====== Provided data

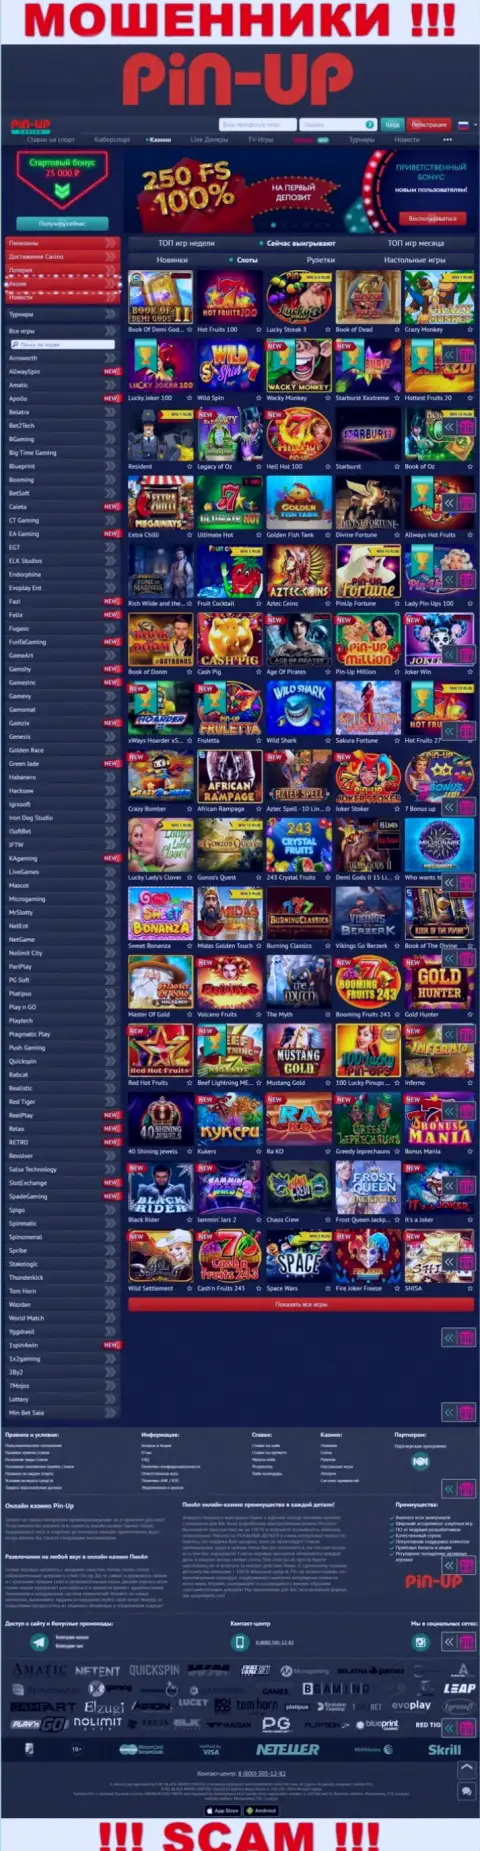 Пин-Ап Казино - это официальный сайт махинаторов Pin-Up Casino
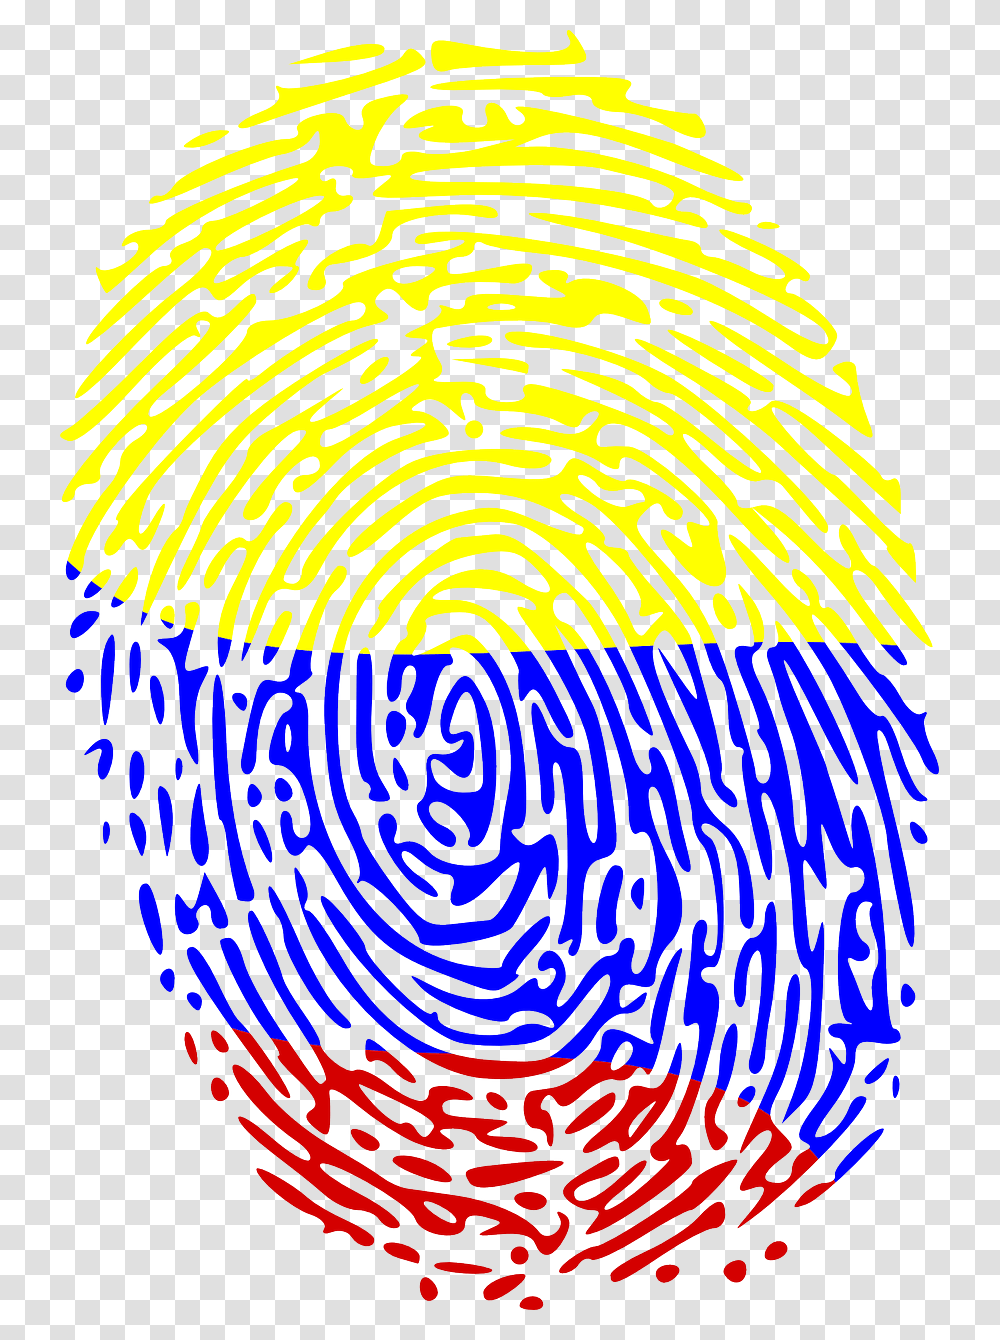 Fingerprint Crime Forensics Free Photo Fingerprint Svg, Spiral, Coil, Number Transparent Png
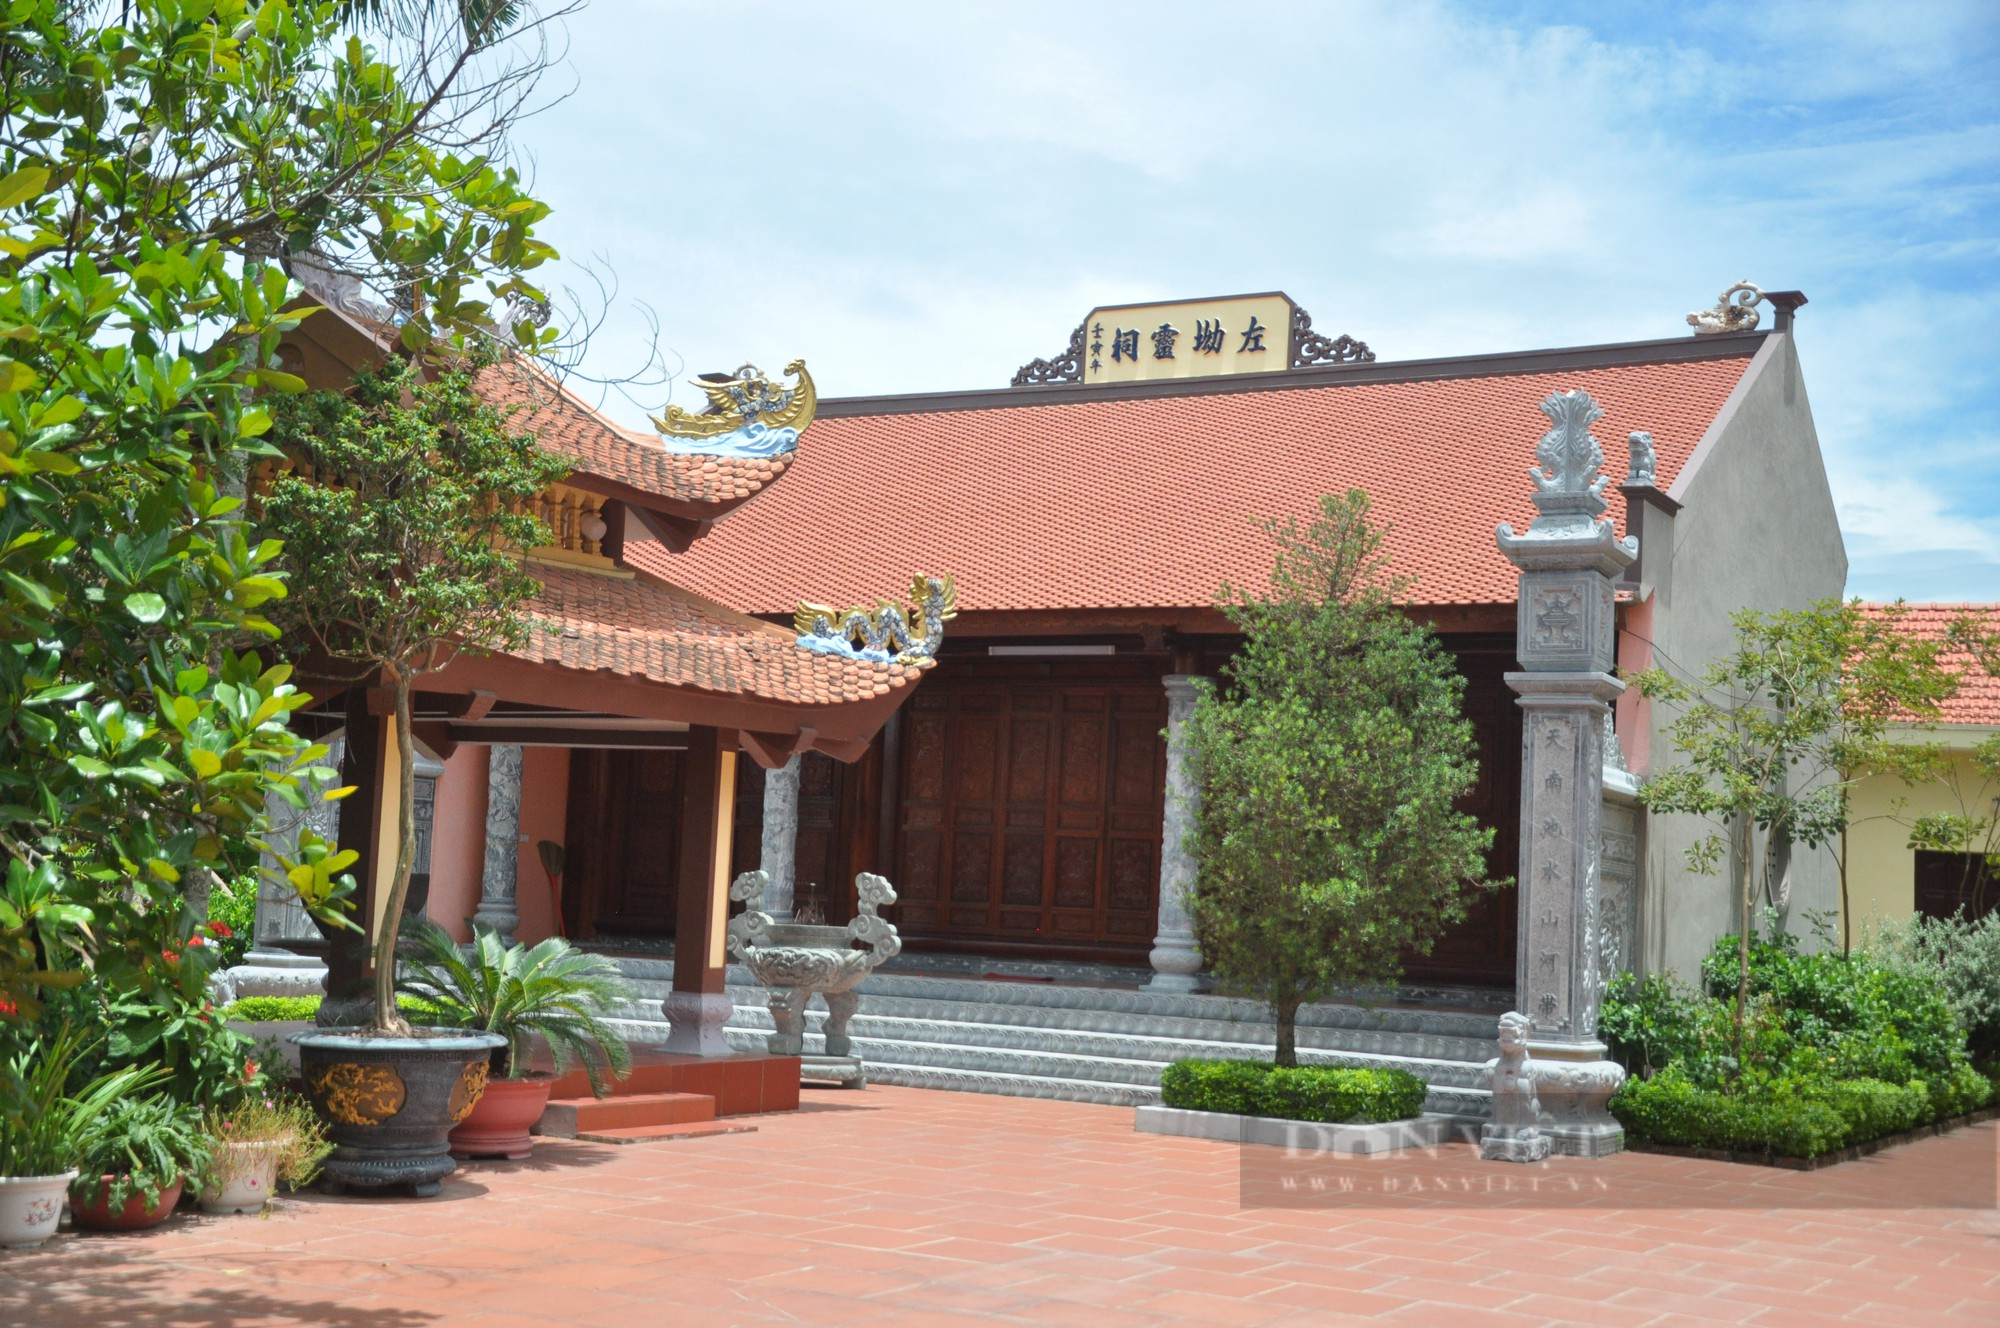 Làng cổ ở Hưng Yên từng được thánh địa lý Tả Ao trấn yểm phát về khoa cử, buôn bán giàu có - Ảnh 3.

============

Repeat the listing above in full, exactly, and omit its pictures.

 Пин-Ап Казино - это официальный сайт махинаторов Pin-Up Casino
 Fingerprint Crime Forensics Free Photo Fingerprint Svg, Spiral, Coil, Number Transparent Png
 Làng cổ ở Hưng Yên từng được thánh địa lý Tả Ao trấn yểm phát về khoa cử, buôn bán giàu có - Ảnh 3.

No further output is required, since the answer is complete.